Gatling is a powerful performance testing tool that supports HTTP, WebSocket, Server-Sent-Events, and JMS. Gatling is built on top of Akka that enables thousands of virtual users on a single machine. Akka has a message-driven architecture, and this overrides the JVM limitation of handling many threads. Virtual users are not threads but messages.
Gatling is capable of creating an immense amount of traffic from a single node, which helps to obtain the most precise information during the load testing.
Gatling reports are a valuable source of information to read the performance data by providing some details about requests and response timing.
There are the following report types in Gatling:
- Indicators
- Statistics
- Active users among time
- Response time distribution
- Response time percentiles over time (OK)
- Number of requests per second
- Number of responses per second
- Response time against Global RPS
This chart shows how response times are distributed among the standard ranges.
The right panel shows the number of OK/KO requests.
This table shows some standard statistics such as min, max, average, standard deviation, and percentiles globally and per request.
This chart displays the active users during the simulation: total and per scenario.

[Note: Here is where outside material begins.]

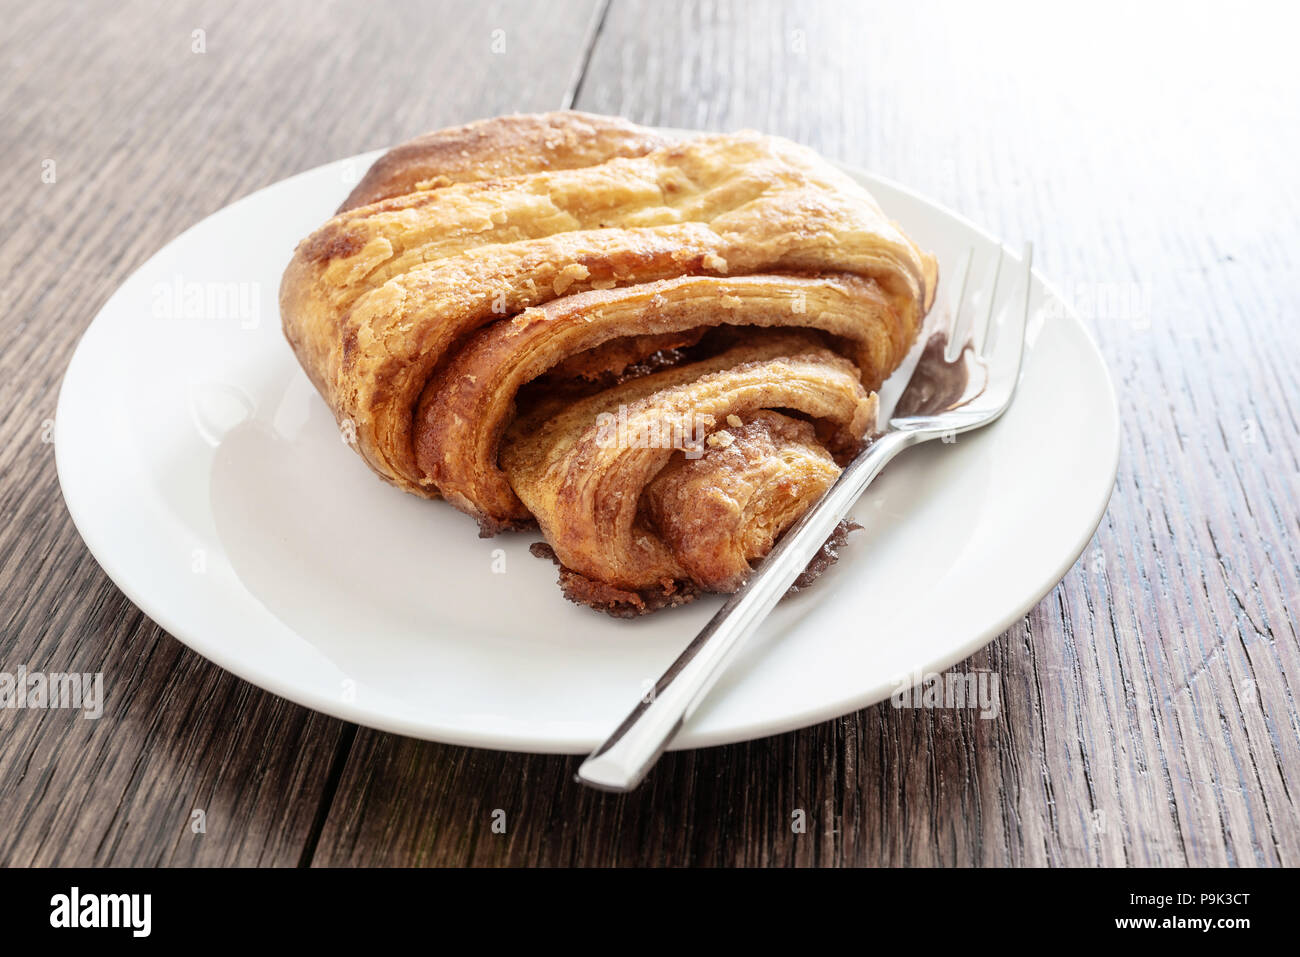 close-up shot of Franzbroetchen pastry on plate on rustic wooden table Stock Photo

“Active users” is neither “concurrent users” or “users arrival rate”. It’s a kind of mixed metric that serves for both open and closed workload models, and that represents “users who were active on the system under load at a given second”.
It’s computed as:
(number of alive users at previous second)
+ (number of users that were started during this second)

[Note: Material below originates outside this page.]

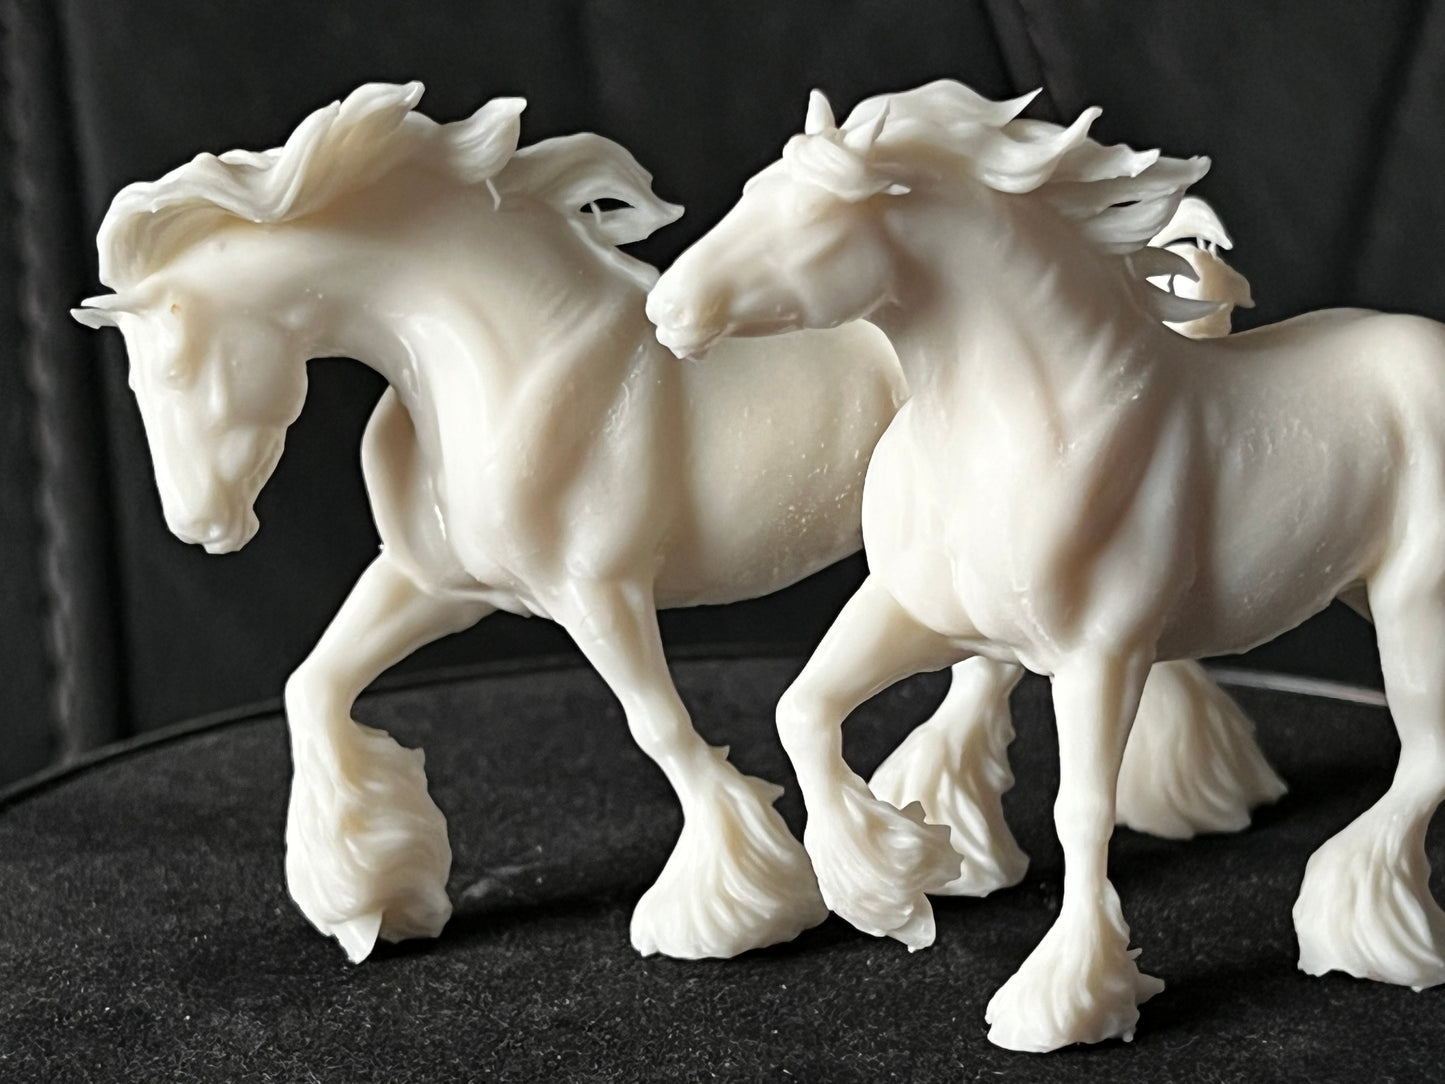 Performance pair of pulling shire mares - White resin ready to prep and paint  LTD EDITION

- (number of users that were terminated during the previous second)
This chart displays the distribution of response times.
This chart displays a variety of response time percentiles over time, but only for successful requests. As failed requests can end prematurely or be caused by timeouts, they would have a drastic effect on the percentiles computation.
This chart displays the number of requests sent per second overtime.
This chart displays the number of responses received per second overtime: total, successes, and failures.
This chart shows how the response time for the given request is distributed, depending on the overall number of requests at the same time.